Hoewel Lovecraft beweerde dat hij niet in het bovennatuurlijke geloofde, gebruikte hij het geestenrijk maar al te graag als koren op een molen op zijn schrijfmolen. Lovecraft zag blijkbaar potentieel in de doctrines van Blavatsky voor verhalen die zouden verkopen. Dat deden ze ook, maar meestal na zijn dood. Tijdens zijn leven was Lovecraft nauwelijks bekend buiten het lezerspubliek van pulp tijdschriften, het type publicatie dat een paar generaties eerder in Engeland "penny dreadful" werd genoemd.
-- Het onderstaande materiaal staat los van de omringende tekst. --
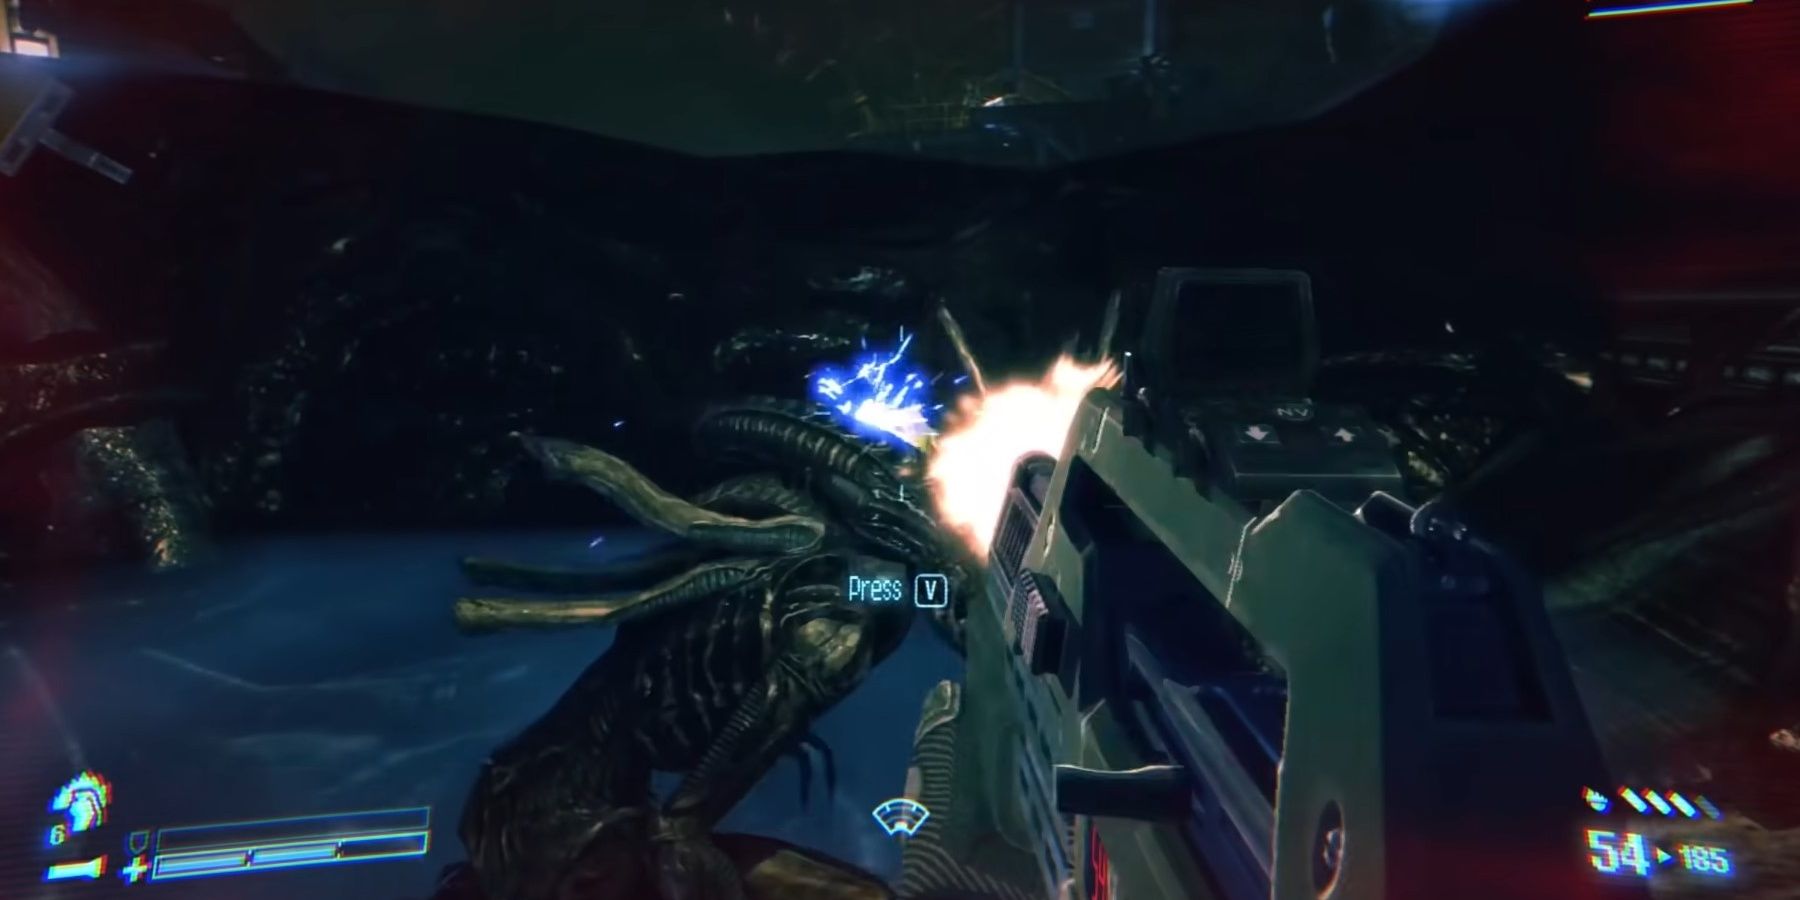 The player blasting at aliens in Aliens: Colonial Marines.

Lovecraft verwierp misschien het idee van een of twee verloren continenten als het nu vergeten moederland van de mensheid, maar het concept kwam hem als auteur goed van pas. Het idee dat bepaalde mensen die begaafd (of vervloekt) waren met het vermogen om achter de sluier te kijken, communiceerden met intelligenties die veel groter waren dan de onze, zorgde ook voor meeslepende horror. Lovecraft beschouwde het universum als een koude, gevoelloze plaats, dus in zijn fictie hadden die intelligenties, in tegenstelling tot de vriendelijke opgestegen meesters van Blavatsky's wereld, geen nut voor de mensheid - behalve, misschien, als slaven of als offers. De gruwel om te ontdekken dat je overgeleverd bent aan de genade van immense, oude wezens die niet in staat zijn tot barmhartigheid is een veel voorkomend thema in Lovecraft's verhalen, en hij gaf die ideeën vlees en been met zorgvuldig uitgewerkte proza die hen doordrenkte met een gevoel van angst dat niet gemakkelijk of vaak op gedrukte pagina's gedistilleerd wordt.

We kunnen stellen dat Lovecrafts stijl van gotische horror de laatste vijfenzeventig jaar een sterke invloed heeft gehad op horrorfictie en -film. Stephen King, Roger Corman, John Carpenter, en Ridley Scott, onder anderen, putten uit zijn stijl, zo niet direct uit zijn Cthulhu mythos. Misschien is dat niet het soort nalatenschap dat Ernest Hemingway of F. Scott Fitzgerald hebben nagelaten, maar vergelijk het aantal mensen dat The Thing, Alien, of een film gebaseerd op een roman van King (The Shining, The Stand, It, etc.) heeft gezien eens met het aantal mensen dat Hemingway of Fitzgerald heeft gelezen. (Niet beweren ze te lezen, maar ging echt zitten en te lezen.) Hoewel H.P. Lovecraft tijdens zijn leven vrijwel onbekend was, heeft hij een veel grotere invloed op de popcultuur gehad dan de literaire grootheden die zijn tijdgenoten waren.

En, zoals we zullen zien, is de invloed van de atheïst Lovecraft doorgesijpeld naar het metafysische rijk. Misschien is het passend dat de overheden en machten die tegen hun Schepper gekant zijn, een atheïst een zeer nuttig werktuig vinden.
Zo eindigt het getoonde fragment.